Though Abigail assured the Captain, at the bus stop the next day, that she still had every intention of joining him for an outing (where she planned to tell him in no uncertain terms to leave her alone), every time they tried to meet after that, their plans were thwarted. If they scheduled a picnic, it rained; an afternoon tea, then one of her children came down with a cough; a picture show, and the current went. Abigail got some new clients, too, with precarious pregnancies that demanded her attention twenty-four hours a day.

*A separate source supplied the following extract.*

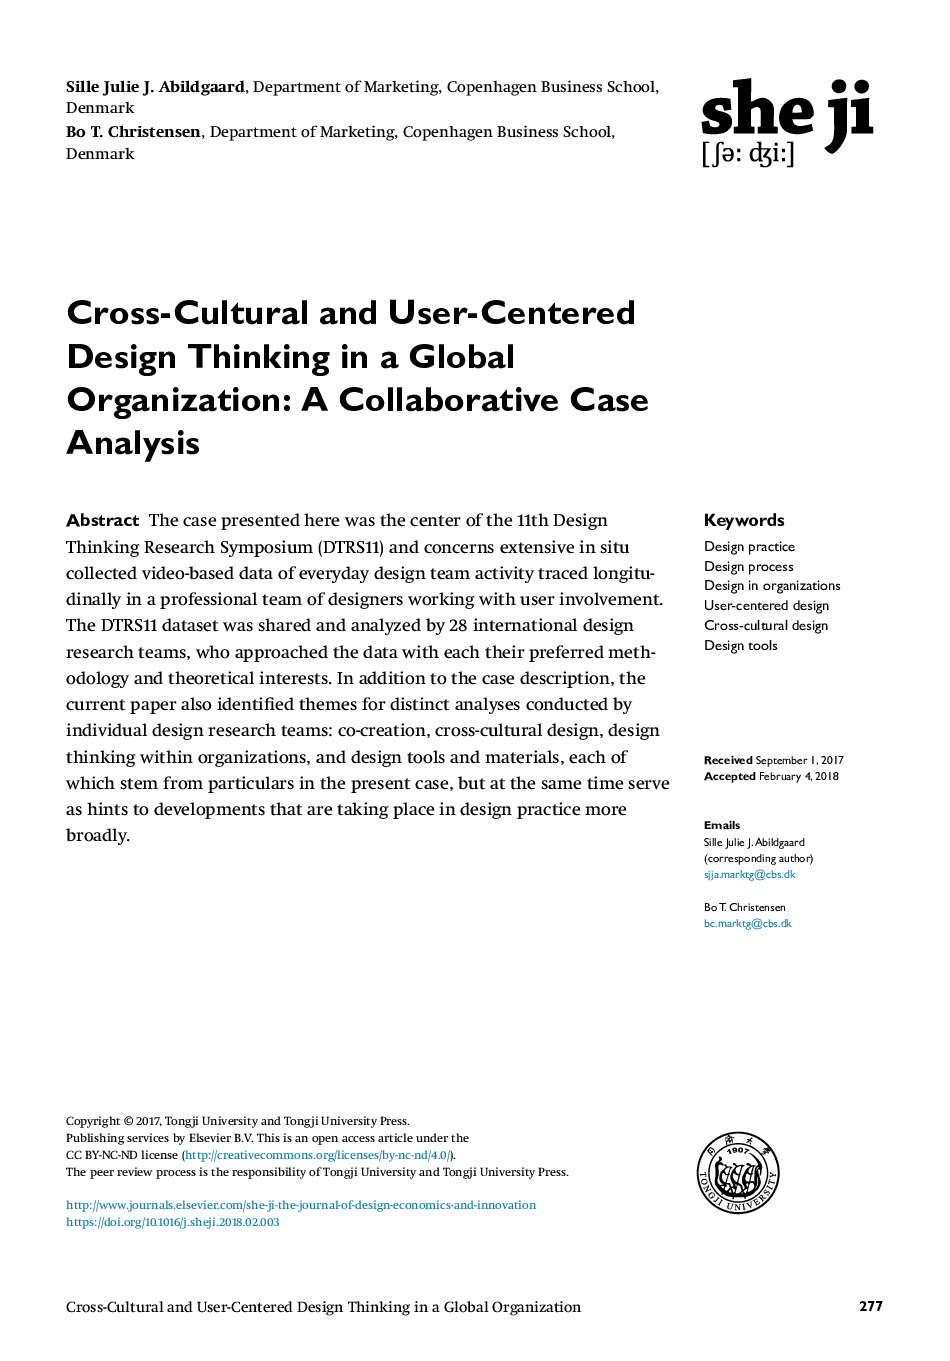 تفکر طراحی متقابل فرهنگی و کاربری در سازمان جهانی: تجزیه و تحلیل مورد همکاری

Months went by during which Dagmore wasn’t able to reach her to reschedule their latest rescheduling. When Abigail finally had time on her hands, Dagmore was so discouraged and depressed that he couldn’t muster the will to call on her, and by the time he snapped out of his funk, she was busy again, with her clients, her babies, her clients’ babies, or with Easter, Christmas, All Saints Day or Guy Fawkes Night. Before Dagmore knew it, a year had gone by, then two. Abigail must have thought she had rid herself of him for good.